Ms. Anderson wanted to hear from the Task Force about Rule 3.6. Should the list of protected classes remain or be removed? Mr. Fitzpatrick said referring to state law may be problematic since there are elements that trigger laws, like the size of a business or local ordinances. Mr. Andersen thought that trying to spell out every possibility may be limiting and vulnerable to changes in the law. He said that Canon 2 and Canon 3 should use the same wording for similar situations.
Judge Hancock said that another possibility would be to retain the existing language in the code: “Judges should not hold membership in any organization practicing discrimination prohibited by law.” However, he pointed out that this might be problematic because of the ambiguity in the existing code. There was a discussion about the Ethics Advisory Committee opinion holding that judges are prohibited from participating in the Boy Scouts in a leadership role. This was a split decision, and the minority opinion noted the ambiguity of Canon 2(C).” Judge Hancock suggested the language decision be put on the action calendar and he will take a motion from the work group.
Judge Williams said he would put together the suggestions from the Task Force and create an alternative draft.
At the next meeting, Judge Hancock would like to discuss how Canon 2 and Canon 3 fit together.
Work Group D
Mr. Fitzpatrick said the work group did not have a written report. Work Group D has been discussing what kind of personal remunerative activities are allowed. Is the exemption for a family business justified? Under Rule 3.13, gifts are tied to reporting those gifts. Should there be a list of what kind of gifts should be reported? Do these rules apply to gifts for a spouse or domestic partner?

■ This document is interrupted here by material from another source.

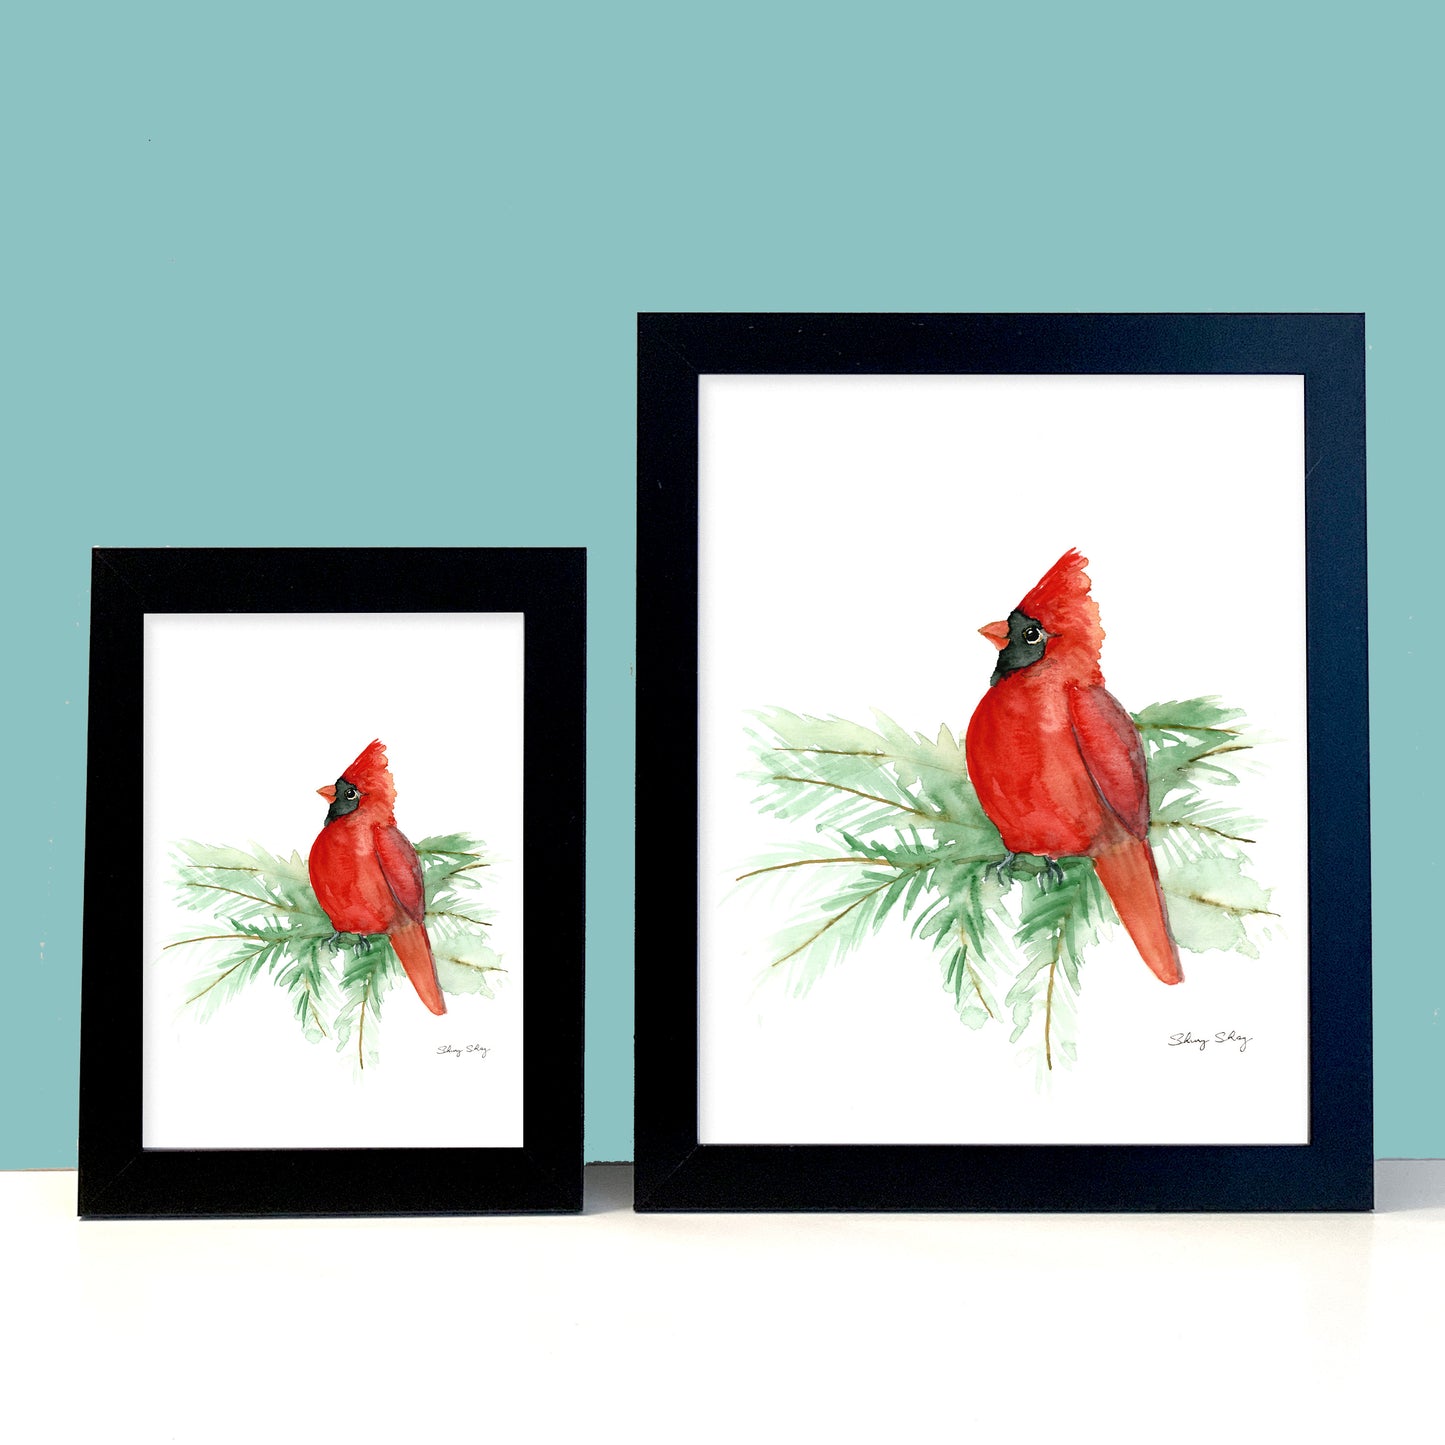 Red Cardinal Original Painting Wall Art Print - Flamingo Shores - Original Art for Home Decor and Gifts

Mr. Fitzpatrick recommended finishing the discussion on Canon 4 before accepting recommendations for disqualification presented by Mr. Wiggins. Judge Penoyar pointed out that some of the provisions under Rule 4.1 are permitted under the current Washington Code.
Judge Hancock would like Work Group D to consider preparing commentary for restrictions on campaign speech regarding a compelling state interest to have this Code.
Judge Hancock would like motions from Work Groups B and C at the next meeting. Mr. Andersen said he could present a recommendation to accept, reject, or amend the changes to Canon 2 at the next meeting. Judge Hancock said it would be helpful to have comparisons, but the Task Force does not need detail in the motion. The Canons will be examined by subset. Judge Penoyar suggested that some work group material can be rolled together, and some material will be discussed section by section.
Judge Hancock adjourned the meeting at 12:56 p.m.